A perl script called barcode.pl was used to separate the reads into their respective groups and then remove the barcode from the read and insert a number at the beginning of each sequence.
Megablast is part of the BLAST package at NCBI and was used to analyze the final trimmed and barcode separated sequence. These sequences were then phylogenetically classified using TaxCollector to attach taxonomic information of the closest bacterial relative to each sequence, according to the best match in a modified bacterial RDP-II database.
Statistical Analysis:
The numbers of sequences were normalized using selector.pl and the Shannon diversity index was determined using a script called shannon.pl.
Results
High throughput sequencing of two 16S rRNA gene datasets was performed to demonstrate the utility of PANGEA for rapid characterization of microbial communities. The rat dataset which contained ~89,000 sequences was analyzed in only 24 hrs using a Mac Book Pro with 2.4 GHz Intel Core 2 Duo and 4GB 667 MHz DDR2 SDRAM.
One of the benefits of PANGEA over other programs, such as CD-HIT, is that PANGEA identifies sequences before clustering instead of after. This is important because it allows every sequence to be classified at the genus and species level first whereas clustering before identification results in loss of representation of smaller sequence reads. If sequences are clustered first, the clusters are created according to sequence length and some sequences may be placed into categories that are not a good fit. In this experiment with rat fecal samples, fewer and sometimes different genera were observed using the CD-HIT method vs. the PANGEA method of data organization.

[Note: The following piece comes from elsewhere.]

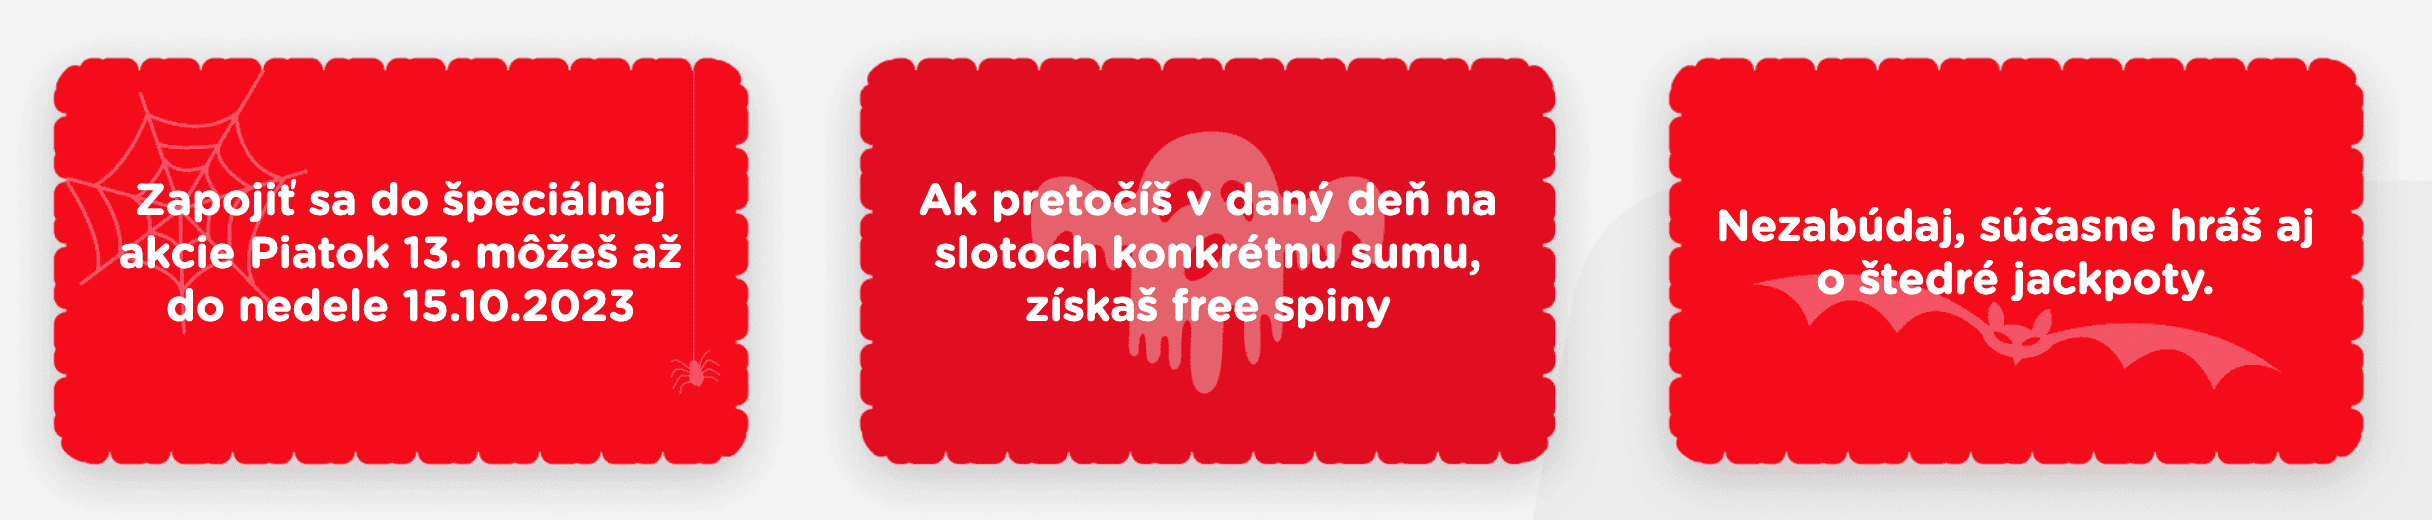 Piatok 13 v eTIPOS online kasíne - návod ako získať free spiny
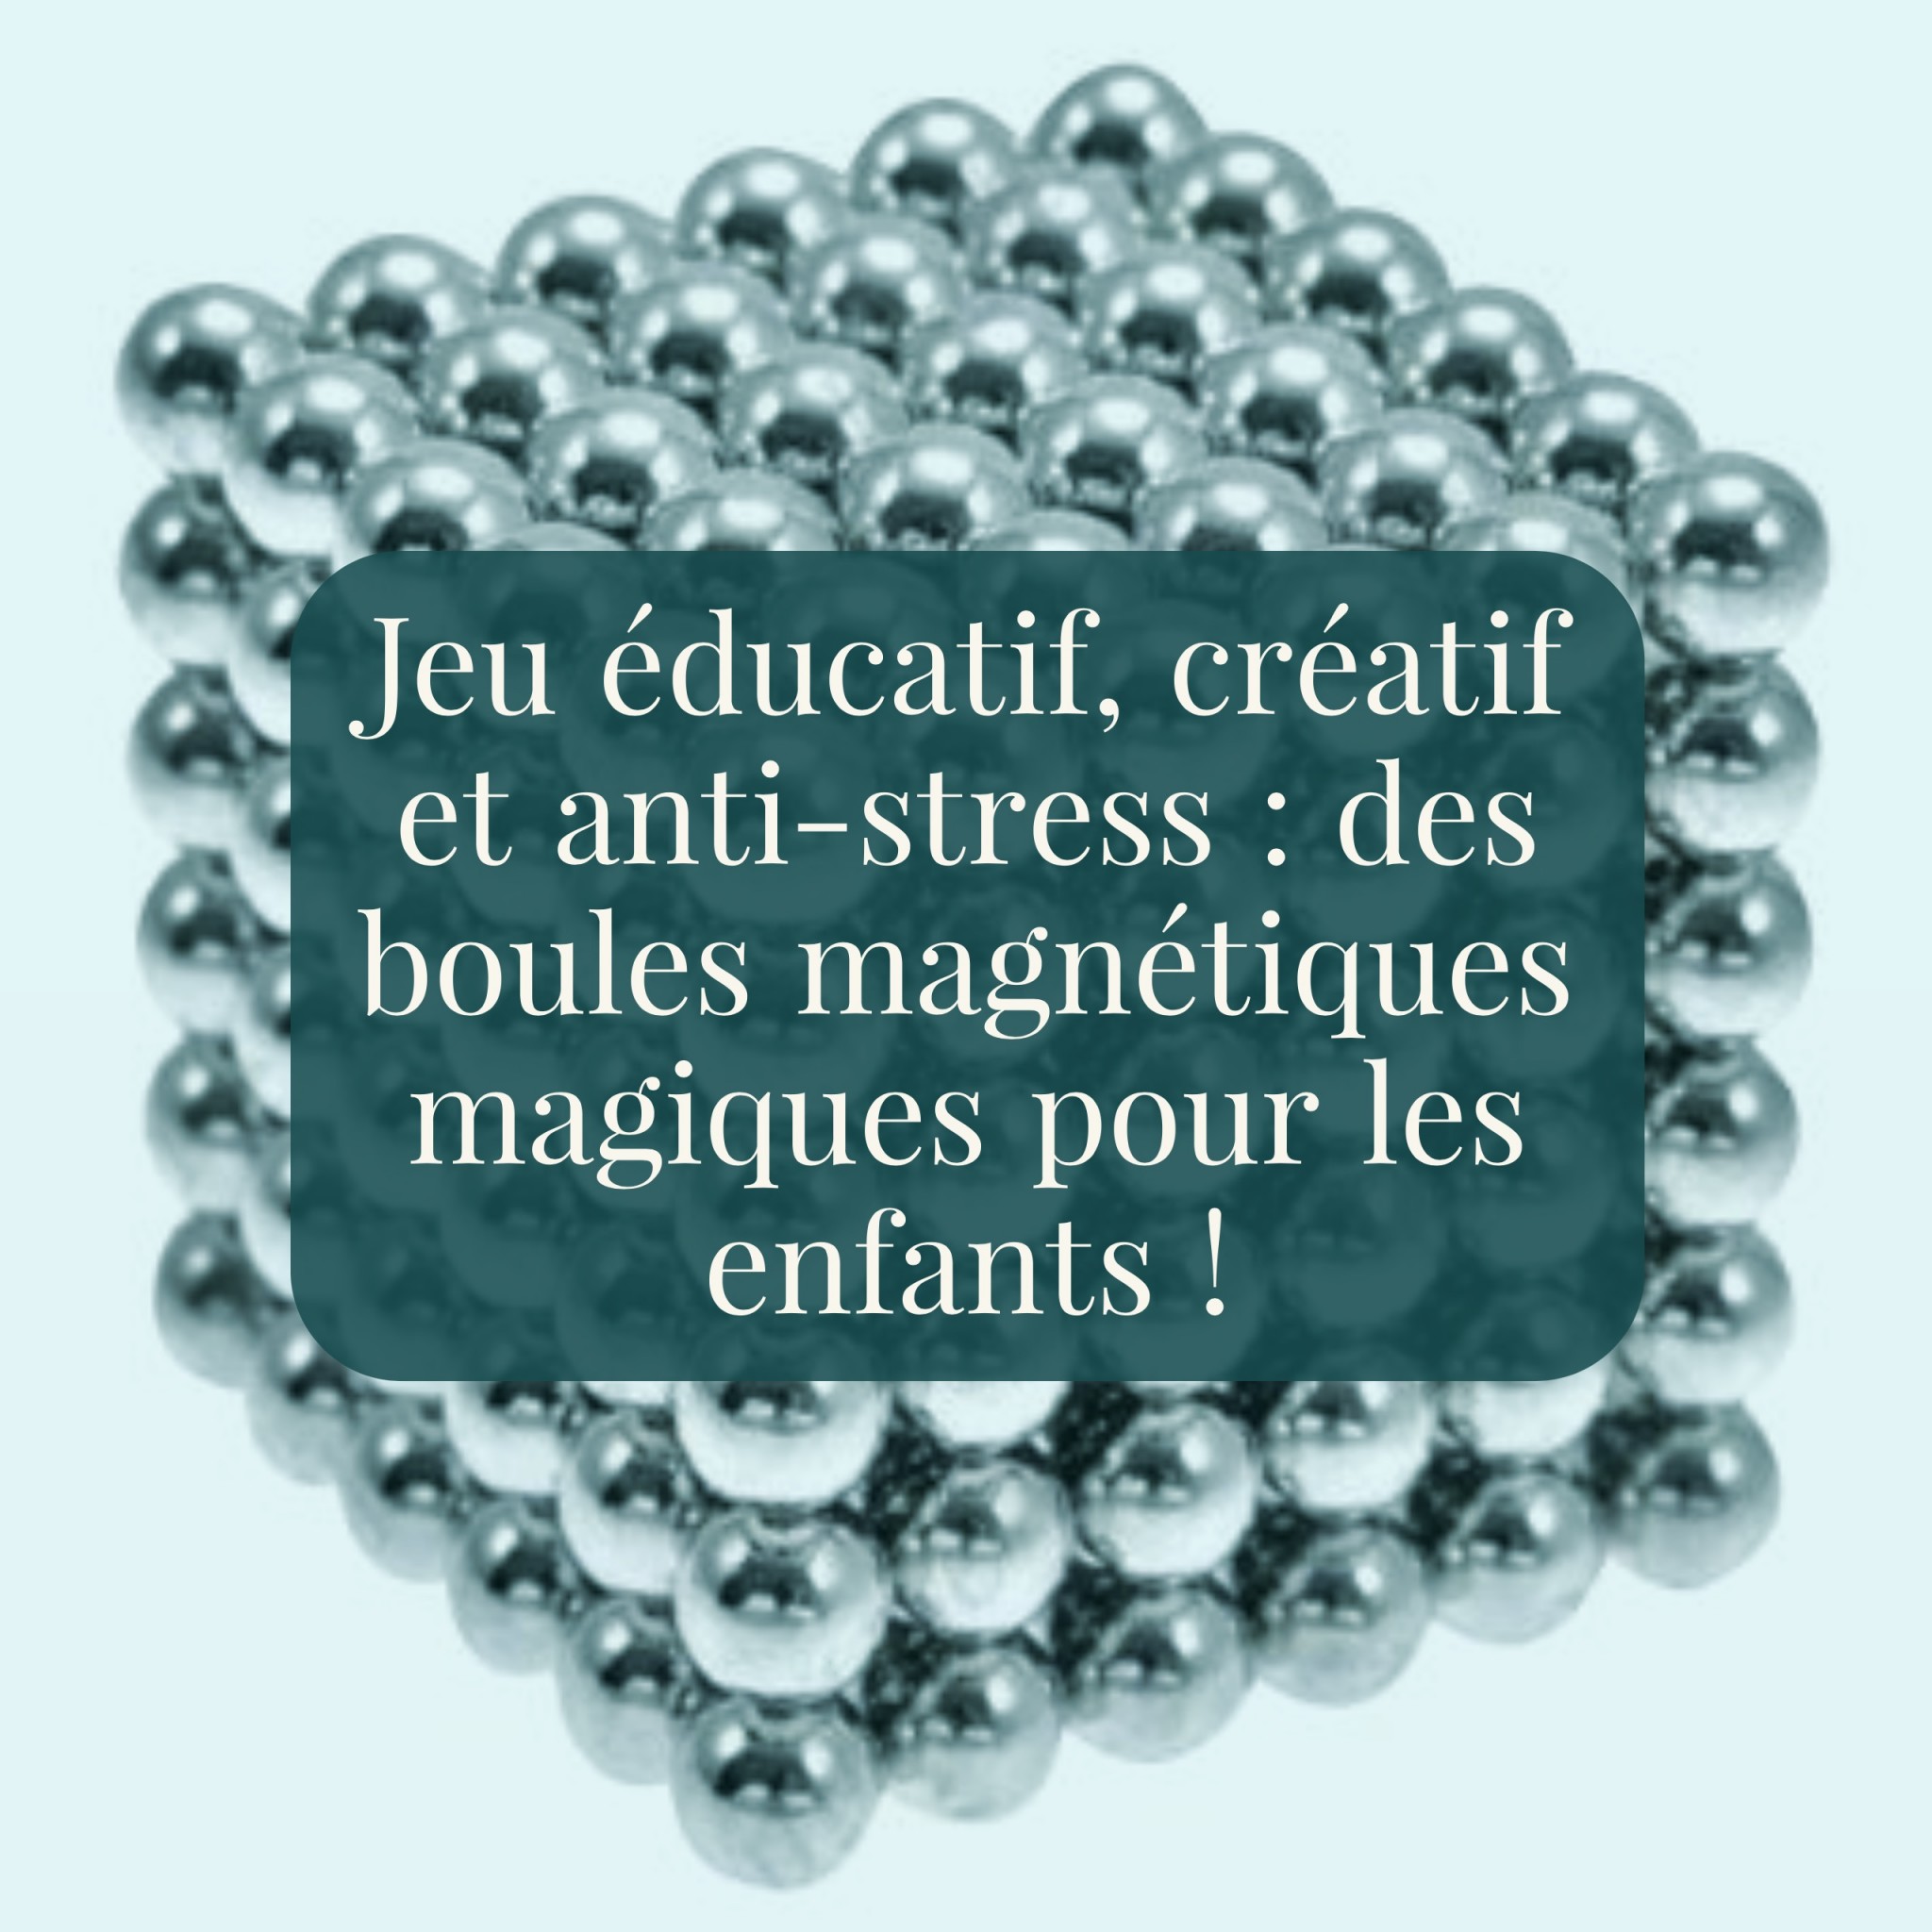 Jeu éducatif, créatif et anti-stress : des boules magnétiques

Another major benefit of PANGEA is that it normalizes the data before community analysis so that the number of sequences in each sample within a barcoded set is identical. This minimizes the effects of variation between the number of sequencing reads for each barcoded data set. Variation in number of reads may be due to errors in quantification of the genomic DNA at the start or problems with samples lacking a barcode during the library construction. Normalization of the data sets is crucial for accurate diversity measurements using the Shannon method.
The authors conclude their paper with a thorough analysis of the differences between PANGEA and another data analysis tool called the RDP Pipeline. A few of the major advantages of PANGEA mentioned include that PANGEA is a stand alone tool not dependent on a web interface. Uploading very large datasets to a web based program is not only slow, but also leads to concern about confidentiality. In addition, the user does not need to wait in line for their project to be finished because they have complete control of the analysis and the databases used. Another advantage of PANGEA over the RDP Pipeline is that PANGEA is fully automated and does not require the user to keep feeding the program files after each step.
More information on the PANGEA workflow and command lines for the program are described in the paper available online.
Summary:
With the explosion of the use of next generation sequencing in metagenomic projects come the need for bioinformatic tools that can organize huge datasets accurately. When files containing data for 300,000,000 sequences are generated in a single run, it is easy to make mistakes and lose critical information if the tools for analysis are not efficient. After reading this report by Adriana, it is clear that PANGEA is an easy to use program for the handling of barcoded amplicon next generation sequencing datasets.